Evanston RoundTable, June 9, 2021
In his inaugural address, President John F. Kennedy famously told Americans, “Ask not what your country can do for you. Ask what you can do for your country.” They have been called “the 17 most inspiring words in 20th century American history.” Anyone old enough to vote (and many who weren’t) in 1961 can still remember the cadence of the president’s delivery, the familiar Boston accent, the insanely naive hope that America could benefit from the loving care of its citizens.
That spirit is dead, gone with trust in government and a decent respect for those with whom we disagree. The “gimme mine” spirit prevails now. But if we really wanted to make America great again (and who doesn’t?), we should re-instate President Kennedy’s plea. What can we do to help America, a country seemingly at war with itself?
I am motivated to ask that question by something I saw online recently, namely a copy of the original letter from President Kennedy welcoming those who first applied to be Peace Corps volunteers. “I was gratified to learn,” the President wrote on White House stationery dated May 22, 1961, “of the many capable people who have applied to serve in the Peace Corps and of the wide range of skills you represent. I hope that those of you who are chosen will carry your mission to these lands in such a way as to demonstrate the desire of Americans from all walks of life to be of service.”
Less than 10 years later I was one of them, serving in Liberia, West Africa, at the end of the decade. And while my experience wasn’t a particularly good one (due to a mismatch of needed work skills on their part and an unwillingness to be isolated on mine), it was a formative event in my young life. I failed, but in many ways it was a glorious failure.
AmeriCorps was founded in 1965 to be a domestic Peace Corps. What if every high school graduate and dropout was required to take a gap year before moving on to college or work? What if they were given a few choices for service opportunities — AmeriCorps or comparable public service work? What if they could extend that year to two or three or a lifetime of service to their country? What if some of those people could be directed to help the nation rebuild its crumbling infrastructure, not to take jobs away from qualified professionals, but to work hand in hand with them to learn valuable skills?
Shortly after I returned from the Peace Corps in 1970 I got the dreaded letter from Uncle Sam, the one that started out “Greetings,” the one directing me to an Army recruiting station downtown to take my military physical.

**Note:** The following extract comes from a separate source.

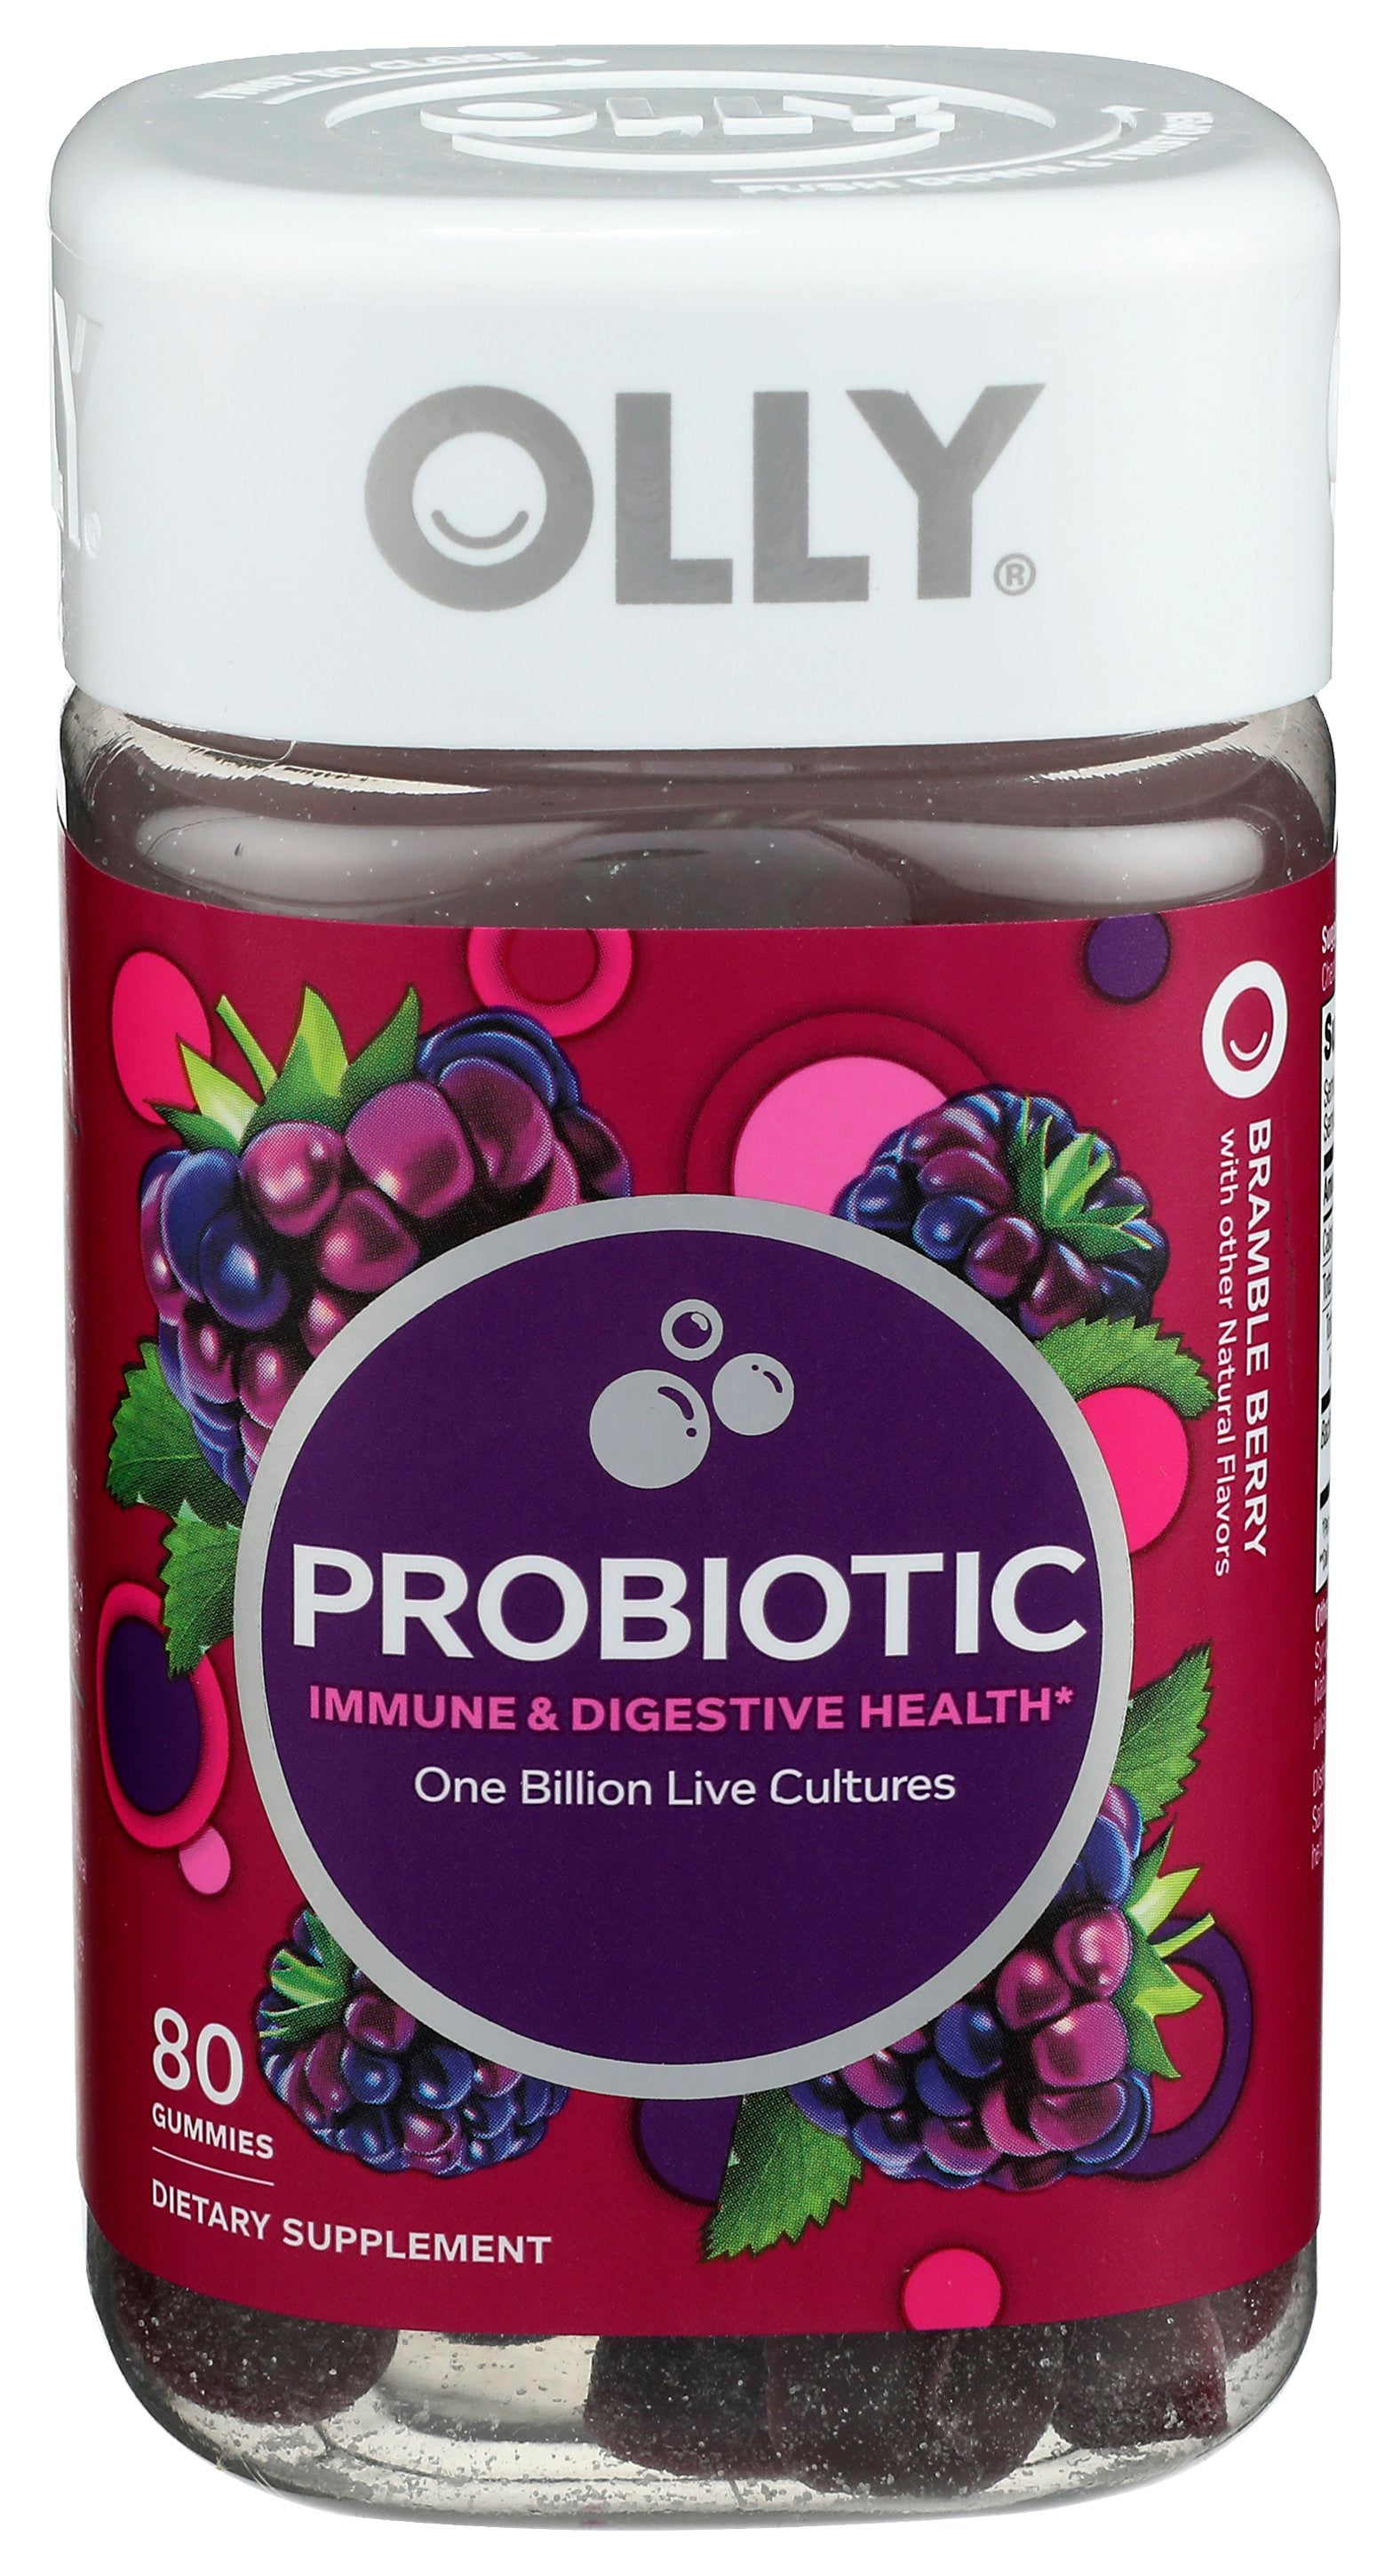 OLLY PROBIOTIC GUMMY BERRY - Case of 3
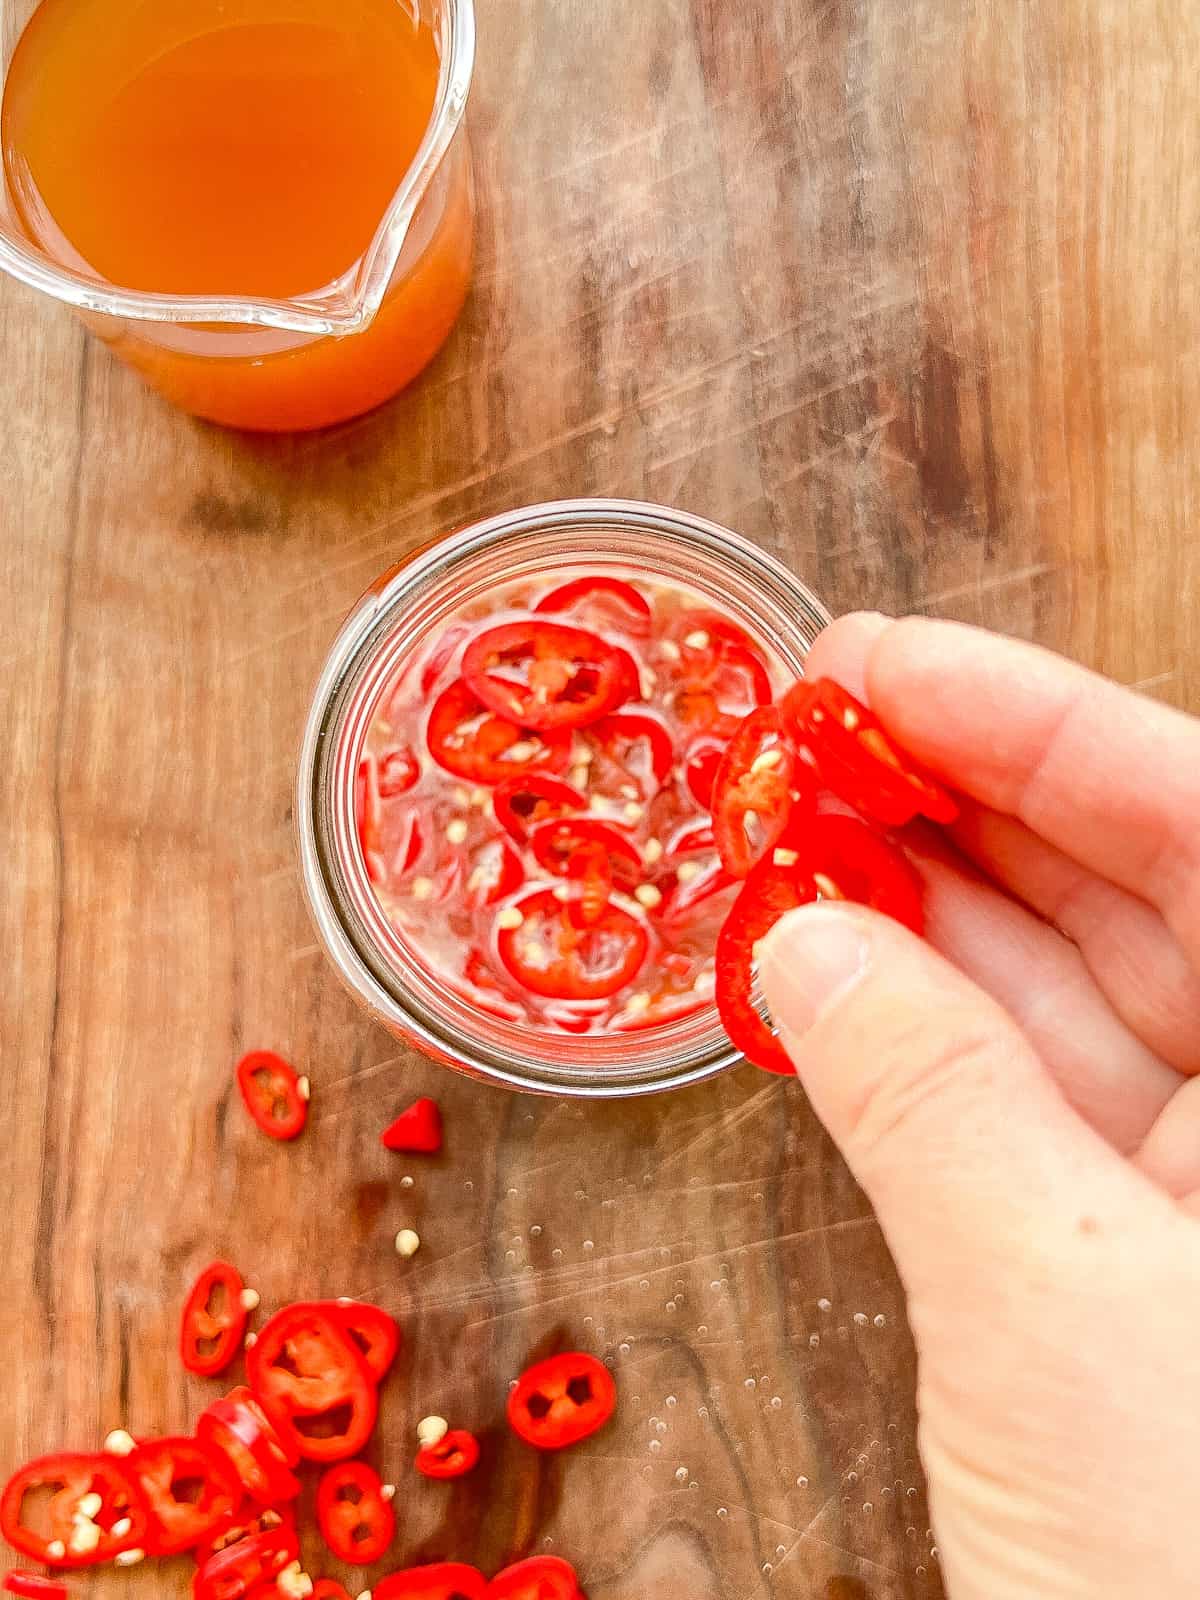 An image of a hand dropping sliced hot chillies into brine.

I had no desire to fight in Vietnam. But I also had no desire to flee to Canada or shoot myself in the toe or take hallucinogens or some of the other insane things young men did to get out of the draft. I didn’t even bother to find a reserve unit that would require only a few weeks of my time a year. I wanted to do something worthy of the youthful principle that was firing my imagination and guiding my thinking (much to my parents’ chagrin).
Amazingly, there was just such an option. I applied to be a conscientious objector. C.O.’s were chosen, after submitting a lengthy form and undergoing an interview, by the candidate’s local draft board. Mine was on Belmont Avenue. On the evening I went for my interview my dad came with me. He was opposed to what I was doing—being a C.O. during World War II, his generation’s war, must have been highly unpopular, maybe even a career-ender. But he wanted to show his support for my heartfelt conviction. He waited outside the conference room in case they asked to hear from him. They didn’t. I remember a handful of men, middle aged, white, still wearing their dress shirts and ties and suits from work, asking me a few mundane questions. “How do you think it went?” my father asked me in the car on the ride home. “OK, I guess,” I ventured. “We’ll see.”
Sure enough, two weeks later I got the letter granting me C.O. status. I held two public service jobs in my two years. The first was surgical orderly at Skokie Valley Community Hospital, as it was then called. How naïve was I? When I saw “C Section” on the schedule I asked the nurses in all seriousness, “Is there an A Section and a B Section?” This caused much hilarity at my expense. After a year I was allowed to switch jobs and became the first bus driver for the Council for Jewish Elderly in Rogers Park. One of my clients was a Russian immigrant. When I failed to pick her up on time she lit into me. We became the best of friends. Both jobs were huge learning experiences—working with doctors and nurses at the hospital and with social workers and the elderly at CJE.
Some people will say I shirked my civic duty by forgoing the war in Vietnam. I understand and respect that opinion. But here’s the thing: nothing made me prouder to be an American than knowing my country would allow me to uphold my principles of secular pacificism, even during a war. I don’t think many other countries would have done that.
There are so many things young people could get out of a national service mandate. Pride in their country, the opportunity to give back in return for the blessing of living here, and the prospect of learning skills that could benefit them in the future to name just a few.
That would be one big way to answer President Kennedy’s long-ago call to “ask what you can do for your country.”